The next day, not wanting to overstay my welcome, I lead the barbarians in their first mass. It went perfectly, the meter creating a beautiful pair of boots made from Beenriian mountain A'oid leather that surprisingly fitted the barbarian's leader perfectly. Maybe there's more to this religion than I had believed possible. When the mass ended, I set the meter's timer to a twenty-four hour delay between reintegrations and told the barbarians that they must pray at the 'altar' every day at exactly the same time. This would mean that the 'altar' would keep producing Luxury goods for about two weeks. This done, D'vlin and I left their fortress and fled back to the king's city. When we arrived however, we were in for a shock. The minute we entered the throne room we were arrested and thrown into the diungeons where we found Rus and the others. Rus told us that the day we went into the mountains, the king arrested them and tossed them into cells. He'd told them that he had no intention of letting us go free and would execute us all in exactly a week. We spent those days desperately trying to find some way, any way, of escaping but to no avail. The guards were apparently too scared of the king to accept bribes, the walls of the cells were solid stone and there wasn't any secret tunnels.
Well, the fateful day arrived and we were lead out into the main square of the town. In the square, quite apart from hundreds of onlookers, stood a number of ghastly looking torture devices. I won't sicken you with the gruesome methods by which Rhinitis had devised our collective demises, but let me say that it would take years of therapy, strong medication and possibly a touch of hex-editing and neural re-mapping to truely forget them. We had a moment to make our peace with whatever gods we had and bid each other goodbye, before we were bullied each to his own torture device. As I was strapped into my machine, I said a short prayer, "If Giles the Creator, or indeed any of the gods, is listening, I really wish you would give me a break. Hell, I'll even pray to Jewbeusprophet, if it'd help."
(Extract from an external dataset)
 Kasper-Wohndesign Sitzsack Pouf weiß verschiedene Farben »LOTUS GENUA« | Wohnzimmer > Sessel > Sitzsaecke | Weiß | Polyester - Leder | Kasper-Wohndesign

Even as I said the name of my spuriously created god, a thick plume of black smoke rose from the far end of town and I could hear a chant echoing on the breeze
"Oh my god, Eye yam zogon nadiifdis gozrong."
Guards from the town began to run into the town square, blackened by smoke and spattered with blood. From their terrified screams, it appeared that the barbarians were attacking in force and had already overrun the southern side of the town. Rhinitis' face was a pasty white and he stood frozen in fear, even as the first of the shrieking barbarians raced into the town square, hacking down soldiers and civilians alike. At that moment, Rus appeared beside me. He'd managed to knock out his guards while they were distracted by the ensuing chaos in the square and had freed the rest of the crew. He cut me loose and we fled the burning town with a horde of civilians, stealing horses on our way out. Three and a half hours later, we were safely aboard the 'Profit' and had made her space-ready. I took the old bird on a slow circuit over Rhinitis' city and used the downward looking camera to take a picture of the town square. When the image came up and I zoomed in, it showed ol' Rhinitis strapped into one of the torture devices with Falcas cheerfully turning the screws.